Amanda: Unified Instrumentation Framework for Deep Neural Networks

  • Yue Guan ,
  • Yuxian Qiu ,
  • Jingwen Leng ,
  • ,
  • Shuo Yu ,
  • Yunxin Liu ,
  • Yu Feng ,
  • Yuhao Zhu ,
  • ,
  • Yun Liang ,
  • Chen Zhang ,
  • Chao Li ,
  • Minyi Guo

ASPLOS |

Organized by ACM

The success of deep neural networks (DNNs) has sparked efforts to analyze (e.g., tracing) and optimize (e.g., pruning) them. These tasks have specific requirements and ad-hoc implementations in current execution backends like TensorFlow/PyTorch, which require developers to manage fragmented interfaces and adapt their codes to diverse models. In this study, we propose a new framework called Amanda to streamline the development of these tasks. We formalize the implementation of these tasks as neural network instrumentation, which involves introducing instrumentation into the operator level of DNNs. This allows us to abstract DNN analysis and optimization tasks as instrumentation tools on various DNN models.
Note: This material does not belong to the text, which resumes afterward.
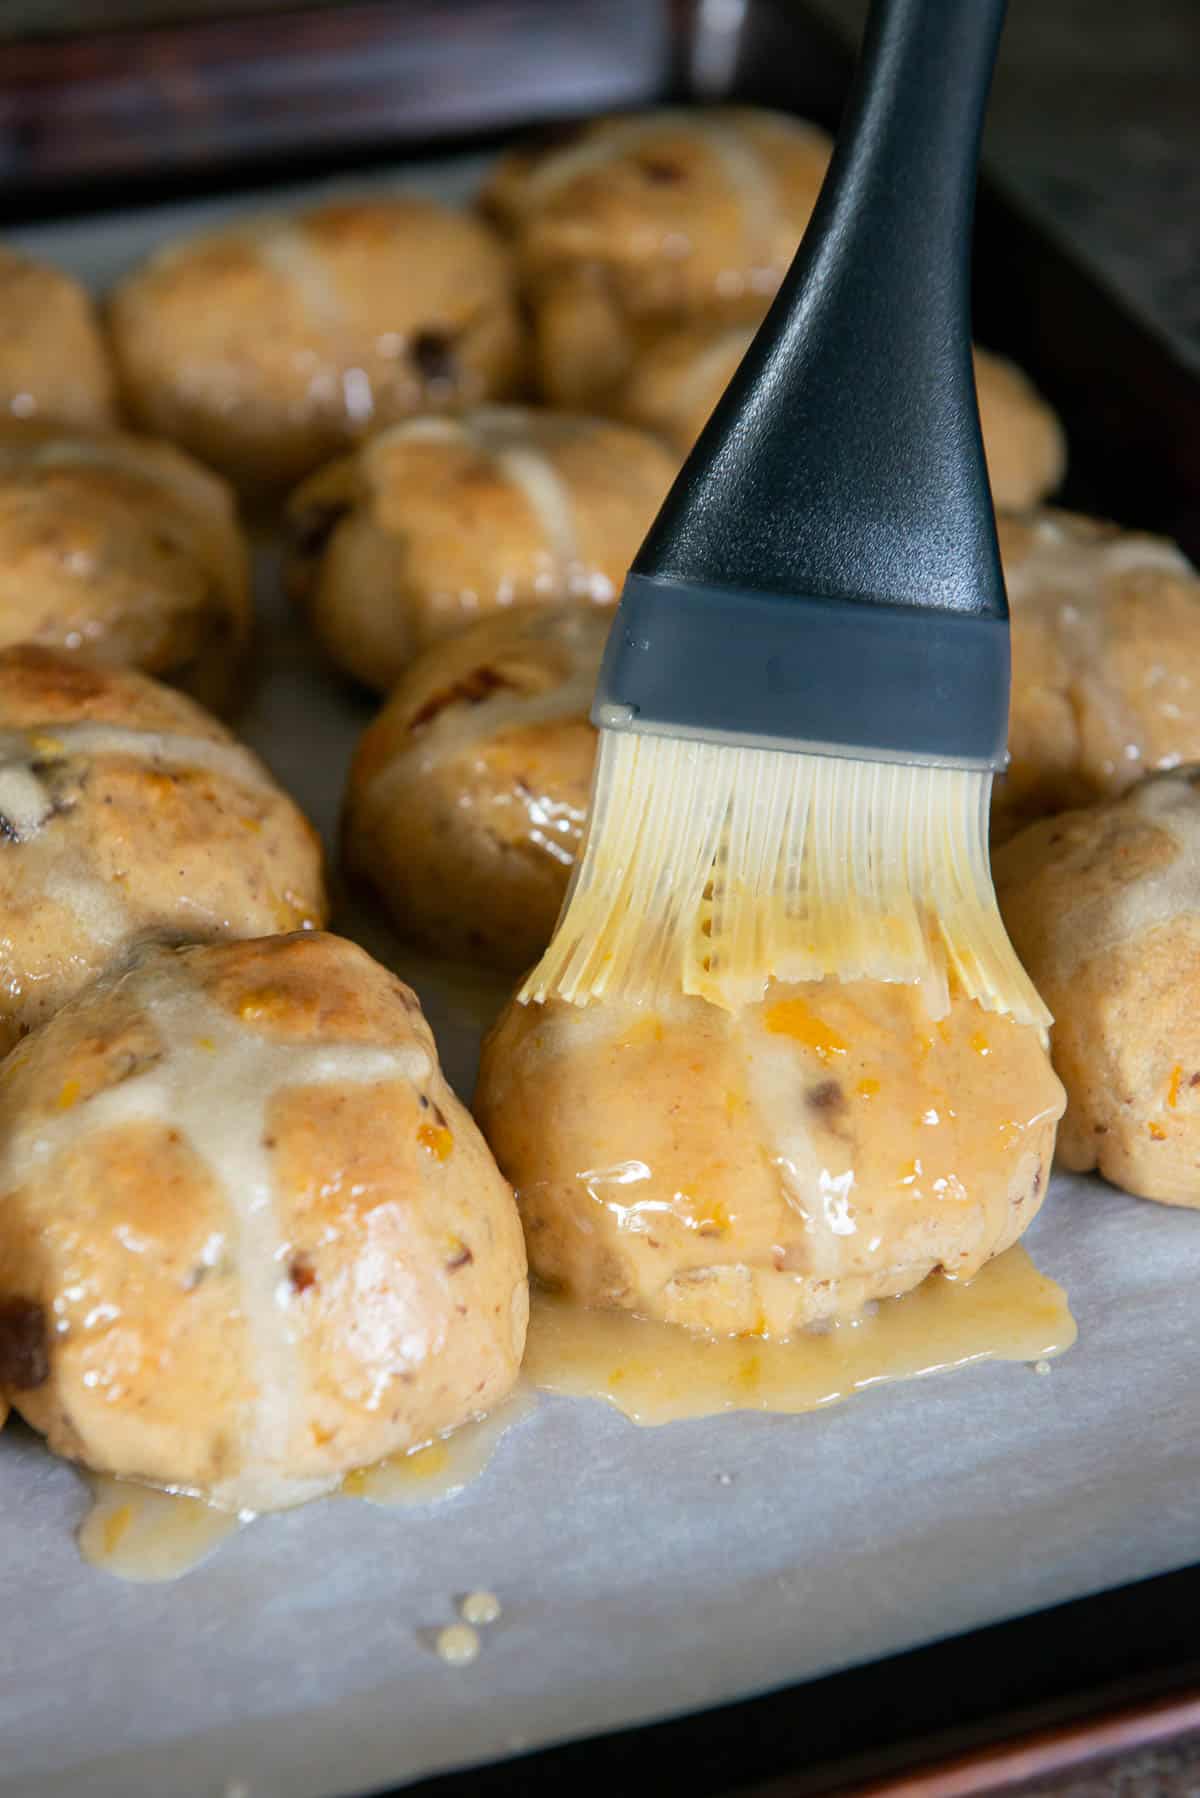 brushing orange glaze on warm hot cross buns.

We build Amanda with two levels of APIs to achieve a unified, extensible, and efficient instrumentation design. The user-level API provides a unified operator-grained instrumentation API for different backends. Meanwhile, internally, we design a set of callback-centric APIs for managing and optimizing the execution of original and instrumentation codes in different backends. Through these design principles, the Amanda framework can accommodate a broad spectrum of use cases, such as tracing, profiling, pruning, and quantization, across different backends (e.g., TensorFlow/PyTorch) and execution modes (graph/eager mode). Moreover, our efficient execution management ensures that the performance overhead is typically kept within 5%.